In the city, parking lots are resisting

On February 4, David Belliard, deputy (Europe Ecologie-Les Verts) in charge of mobility and roads at Paris City Hall, is exultant: Parisians have voted in favor of an increased price for parking heavy vehicles, SUVs, 4 × 4s and sedans, alongside public roads. “We want people who have these very big cars to go underground”, punctuates the chosen one on the BFM-TV set. Please therefore use paid public parking. “The objective of a growing number of metropolises is to contain their numbers in public spaces and to get rid of the “sucker” cars which clutter them all year round”develops Jean-François Esnault, director of the Flowbird group’s parking activity for France, who will manage the platform in Lyon, a pioneering city on the subject.

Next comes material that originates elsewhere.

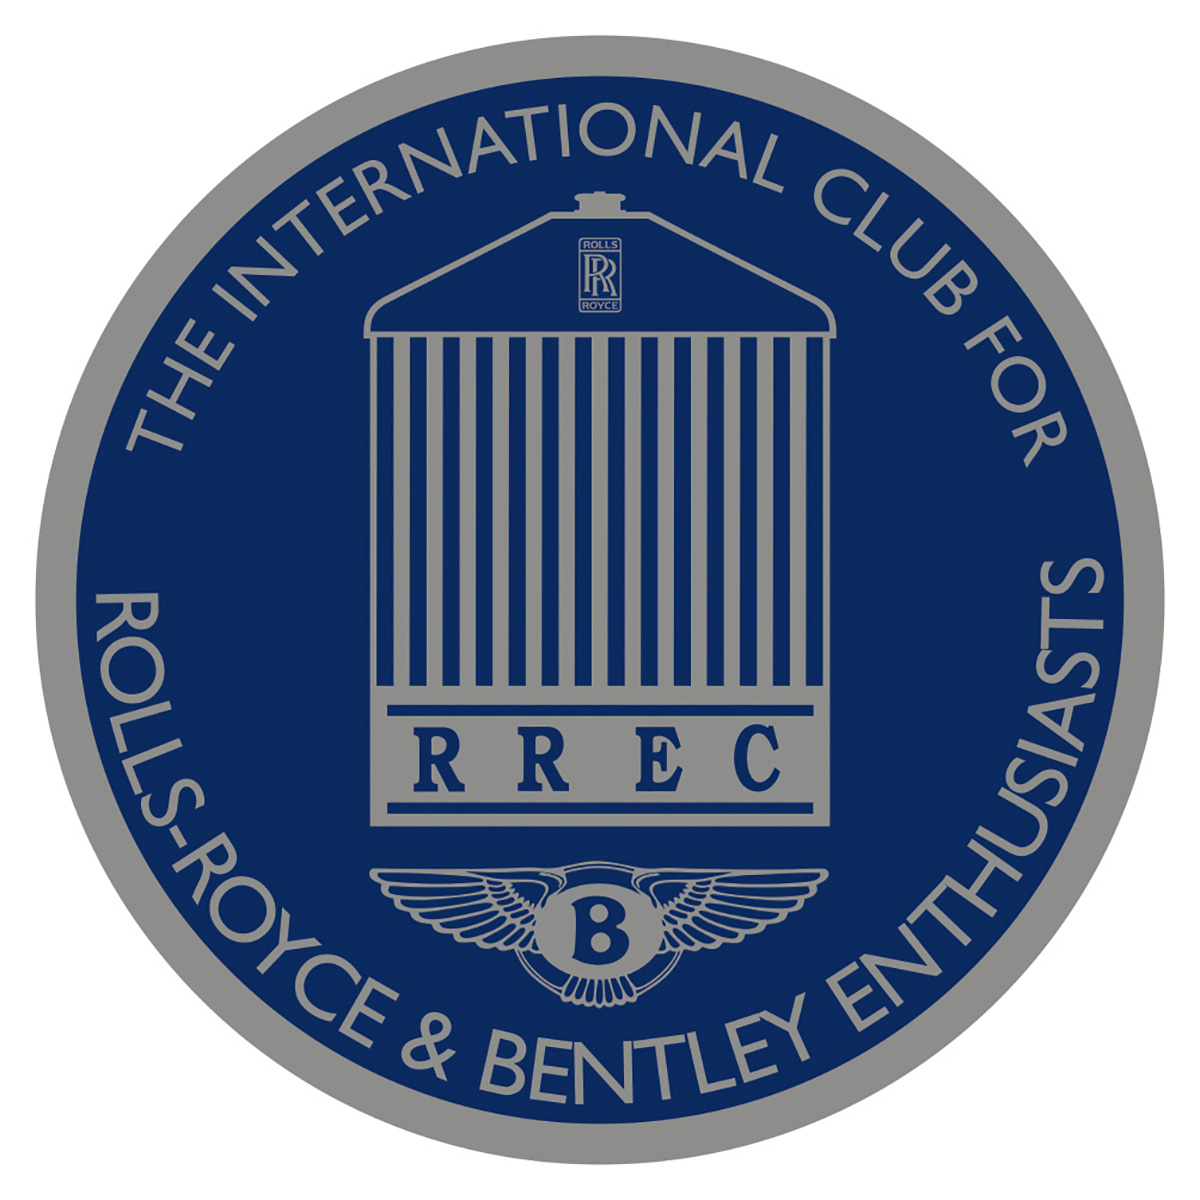 Rolls Royce & Bentley Enthusiasts International

Does the hunt for cars in big cities signal the end of a golden age for their allies, the parking lots? In reality, players in this market have made strength out of a growing number of constraints. The increases voted in Paris and Lyon? Rather good news, because they have spaces in the basement and on the upper floors for the most bulky motorists, and at prices which therefore become more attractive. “The parks under construction [souterrains, en élévation ou en enclos] maintain identical pricing for all vehicles and have the capacity to accommodate this clientele”, confirms Jean-Laurent Dirx, president of the National Federation of Parking Professions (FNMS) and the SAGS parking group. In addition, some standards have had a windfall effect.

Adopted in 2014, the law for the modernization of territorial public action and the affirmation of metropolises, known as the “Maptam law”, caused a small revolution after the entry into force, in 2018, of the component which enabled some 800 communities to decriminalize and decentralize paid on-street parking. Many have delegated the monitoring and collection of “post-parking passes”, which replace fines, to a quartet made up of Indigo, Q-Park, Transdev and SAGS.

Above all, the hunt for cars on the roads is far from over. Of some 800,000 spaces in the works, nearly 575,000 still occupy the edge of the traffic lanes. This public space is thus 80% taken up to serve the needs of motorists. “It’s the elephant in the room in an increasingly contested territory, thermal cars or not”describes Emmanuel Perrin, mobility strategy and services project director at the Center for Studies and Expertise on Risks, Environment, Mobility and Development (Cerema), which supports communities towards the ecological transition.